Sunday, July 3, 2011

Delhi Belly


Delhi Belly - A Review (* * * 1/2)

Abhinay Deo’s ‘Delhi Belly’ is a brash, irreverent comedy that is so hilariously indecent, it must have set some sort of standard for bad taste in Bollywood. Say what you will about the film’s affection for all things gross, it all fits rather smoothly into the scheme of a caper. There’s a scene where a jar of turd provides the pivotal twist. If the very sound of that puts you off, you’re not the intended audience for ‘Delhi Belly’. To others, I say watch the scene and try telling me that wasn’t even mildly funny.

The plot: Our heroes Tashi, Arup and Nitin are regular 20-something blokes who share a dingy flat somewhere in Delhi. Their bachelor pad is a victory of production design, evoking a cross between a dumpster and a Railway washroom. Tashi (Imran Khan) is a reporter who aspires to strike gold covering some good breaking news story, but is stuck on the bottom rung interviewing starlets and the likes. Nitin (Kunaal Roy Kapur) is the far more content photographer assigned to him and the sleaze of the trio. Arup (Vir Das) is a cartoonist who works for, I think, an advertising firm and we see a dartboard with his Boss’ face on it to indicate his job satisfaction.

Things suddenly take a turn for the worse. Arup gets dumped, Tashi runs afoul of his beautiful colleague’s roughneck of an ex-husband and Nitin, well, comes down with a horrible case of Delhi Belly. The fact that the trio’s flat is always without water provides some of the loudest laughs in the film.

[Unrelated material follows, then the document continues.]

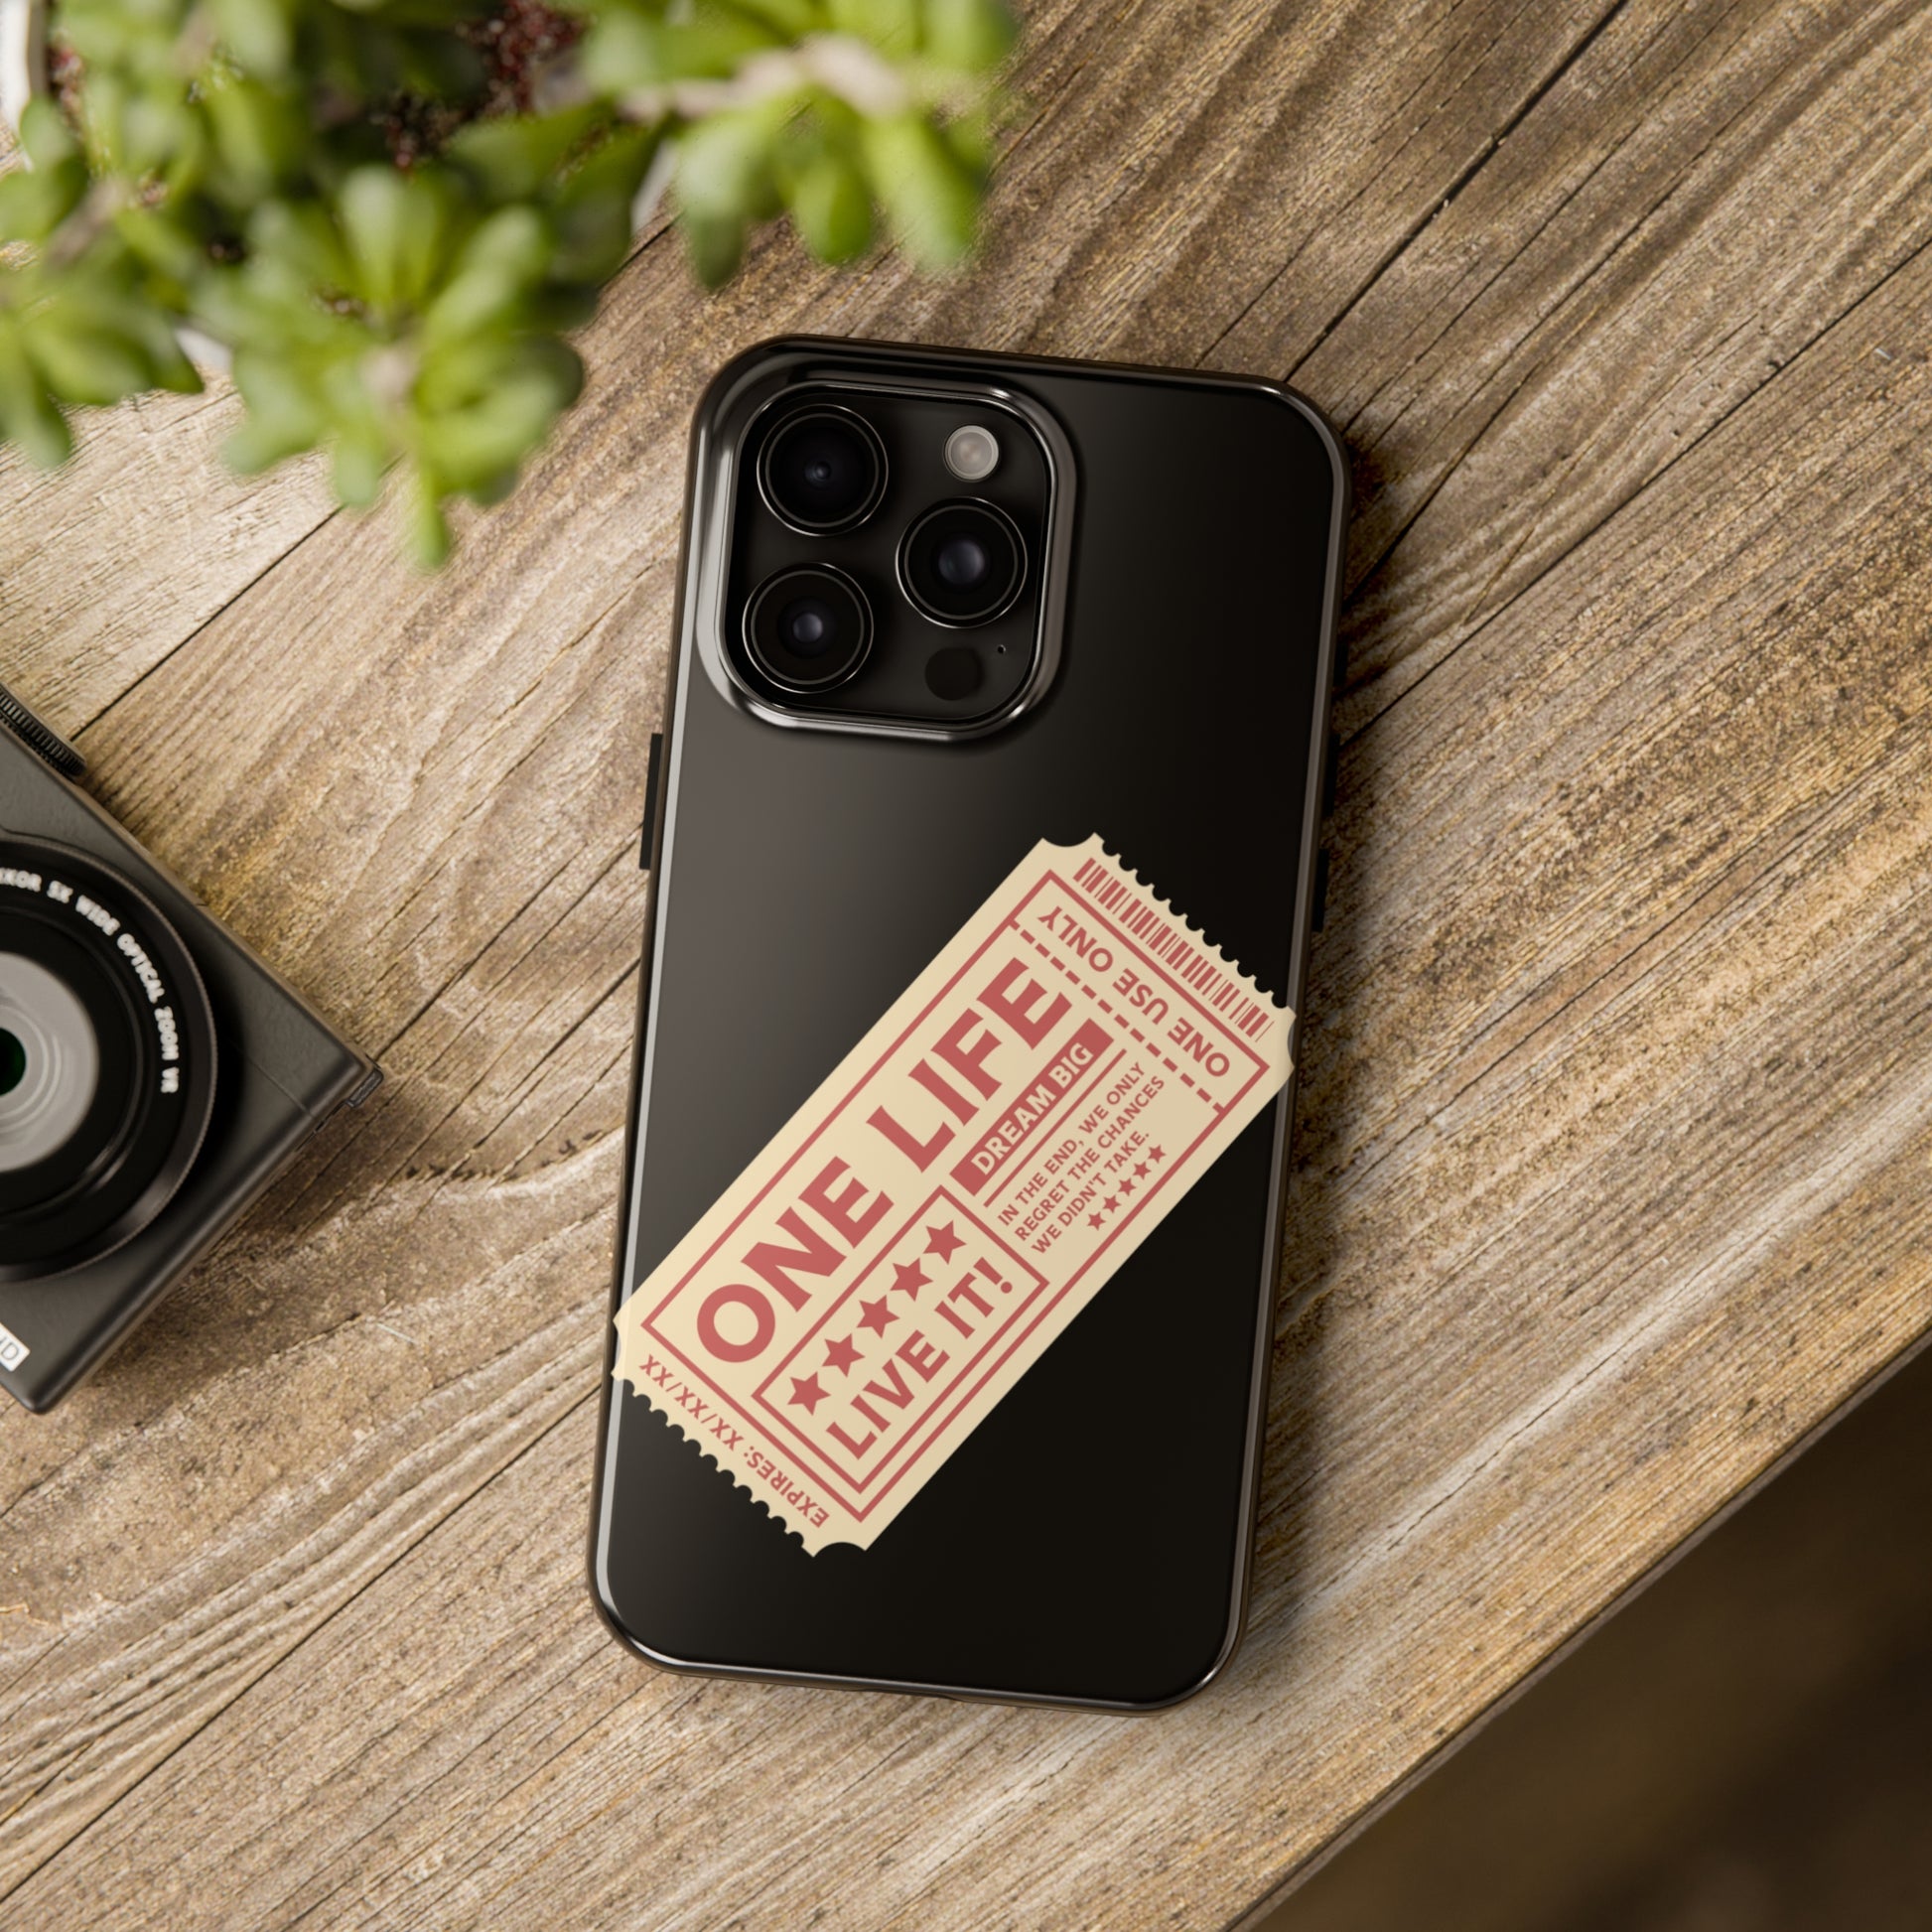 Ticket to Life: iPhone Tough Case Design - Wireless Charging - Superior Protection - Original Designs by TheGlassyLass.com

More sinister events are put into motion when Tashi’s girlfriend Sonia (Shenaz Treasurywala), an air hostess, hands him a mysterious package she picked at the airport at the request of a friend, to be delivered to its intended recipient. Fans of Guy Ritchie & Quentin Tarantino films would be quick to realize that the package is the McGuffin and thus it’s sorta crucial that there is some mix up delivering it for the film to work. A series of unpleasant developments sets our boys up against a gangster, played to perfection by Vijay Raaz. By this time the plot has sucked in Tashi’s colleague Menaka (Poorna Jagannathan), the trio’s landlord and a slimy jeweller played by that brilliant character actor Rajendra Sethi (remember him as the ‘Sansani’ reporter in ‘Oye Lucky, Lucky Oye’?).

The screenplay by Akshat Verma is clearly inspired by Guy Ritchie films and perhaps the biggest leaf it picks is to introduce conversational chemistry between the lead characters. Tashi, Arup and Nitin speak that peculiar Delhi lingo that’s random, zippy and (ahem) robustly profane. It’s not exactly Hinglish but, as the certificate says, mostly English with a bit of Hindi. Acoustically speaking, the dialogue evokes our own desi version of the cockney sound in Ritchie films.

Watching ‘Delhi Belly’, I was reminded of Krishna DK & Raj Nidimoru’s excellent ‘99’, a superior crime caper because it was quieter, had better stakes and featured more fleshed out characters. But as far as capers go, I suppose audiences prefer quirks over depth and a capacity for going over the top. And that kinda says something about Aamir Khan’s knack of helming successful productions. You have to hand it to that guy. If this film doesn’t work for you, wait till you see him slip into his disco shoes and butt pads & try telling me that wasn’t even mildly funny.